= Plague of Terror =

Tabletop role-playing game adventure

Plague of Terror is a generic role-playing game adventure published by The Companions in 1983, the second in the five-part "Islandia Campaign" series.

==Plot summary==
The adventure is set in the village of Wentworth, where the player characters find themselves involved in preventing a plot to depose the current baron and break with the King. In terms of game system, the adventure is generic, and can be adapted for any role-playing system such as Dungeons & Dragons or RuneQuest.

==Publication history==
Peter L. Rice and Wm. John Wheeler, through their company The Companions, had previously published the first adventure in the five-part "Islandia Campaign", The Curse on Hareth (1982).

Plague of Terror, published in 1983, was the second part, a 56-page book with a center-bound color map written by Rice and Wheeler with additional material by Terry Ashbury, Chip Kestenbaum, and Lenard Lakofka, with illustrations by John Carlson, Mary Coman, David J. Hutchins, Kevin Pfusch, Patrick Rowland, and Wm. John Wheeler.

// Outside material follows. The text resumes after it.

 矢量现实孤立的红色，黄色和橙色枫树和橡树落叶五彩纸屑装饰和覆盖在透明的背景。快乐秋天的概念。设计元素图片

Three more adventures in the Islandia campaign followed in 1983: Brotherhood of the Bolt, Streets of Gems, and Gems for Death.

==Reception==
In Issue 23 of Imagine, Mike Dean pointed out that because of the adventure's complexity and the necessity of adapting it to a role-playing system, it "will provide your group with many sessions of play, but only if you are prepared to put in the necessary time and work for conversion and full understanding of the plots running through each of them."

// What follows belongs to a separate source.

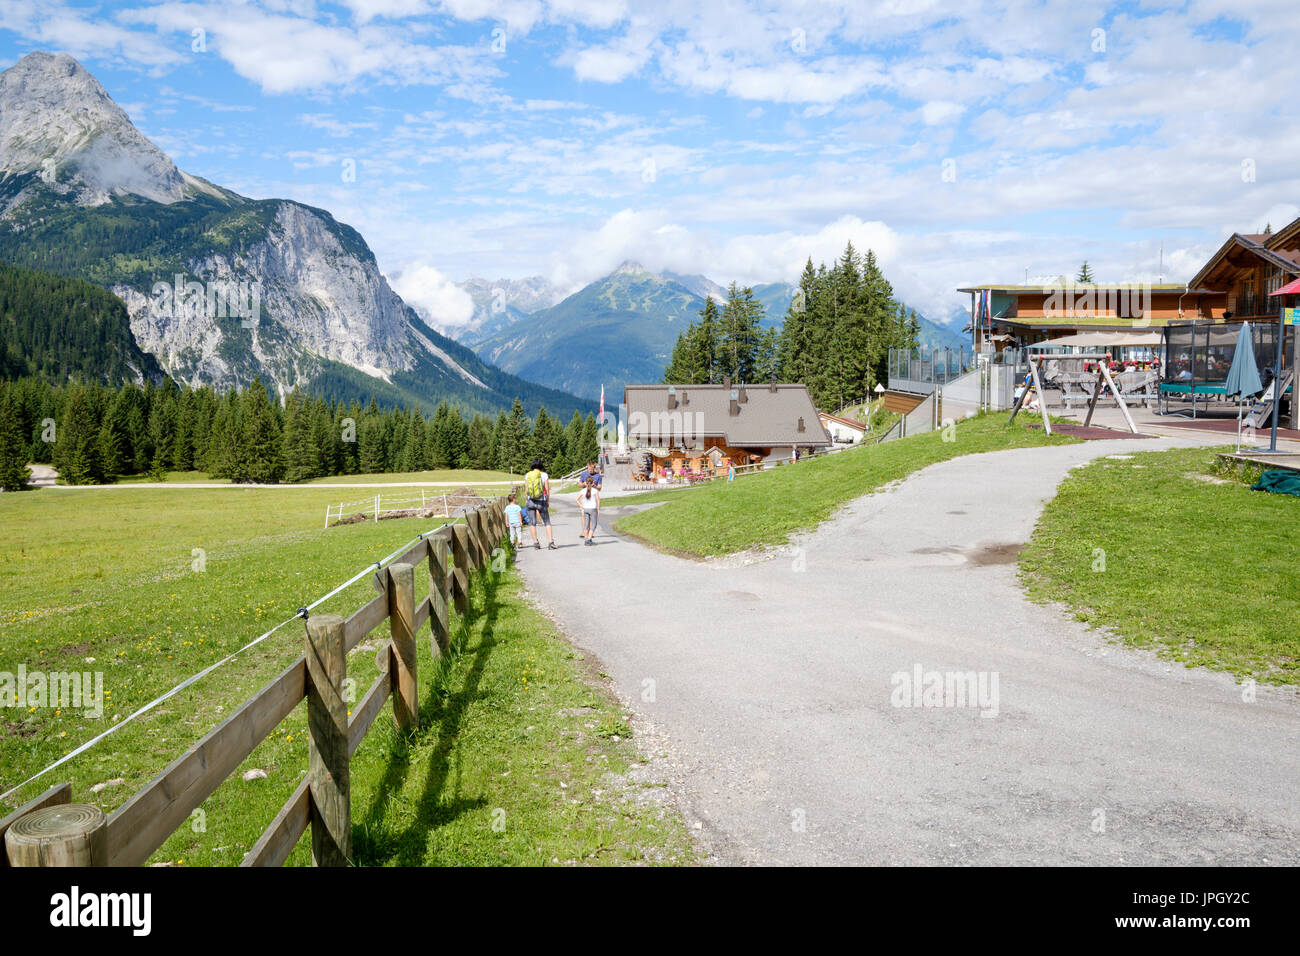 Ehrwalder Alm, Ehrwald, Tyrol, Austria Stock Photo

In the September 1983 edition of Dragon (#77), Roger E. Moore was not a fan, stating that "Plague of Terror is plagued by some terrible problems." He found the number of plots and sub-plot excessive, and too tightly interwoven for inexperienced gamemasters to easily sort through. He also found the use of "torture, child abuse, sexual assault, sadistic vengeance, and other such activities" to be gratuitous. He concluded with a recommendation to give this a miss, saying, "I cannot recommend this module for inexperienced role-players, for referees who like to do their own creative thinking in role-playing NPCs and setting up scenarios, or for those who feel uncomfortable with violence, torture, etc., etc."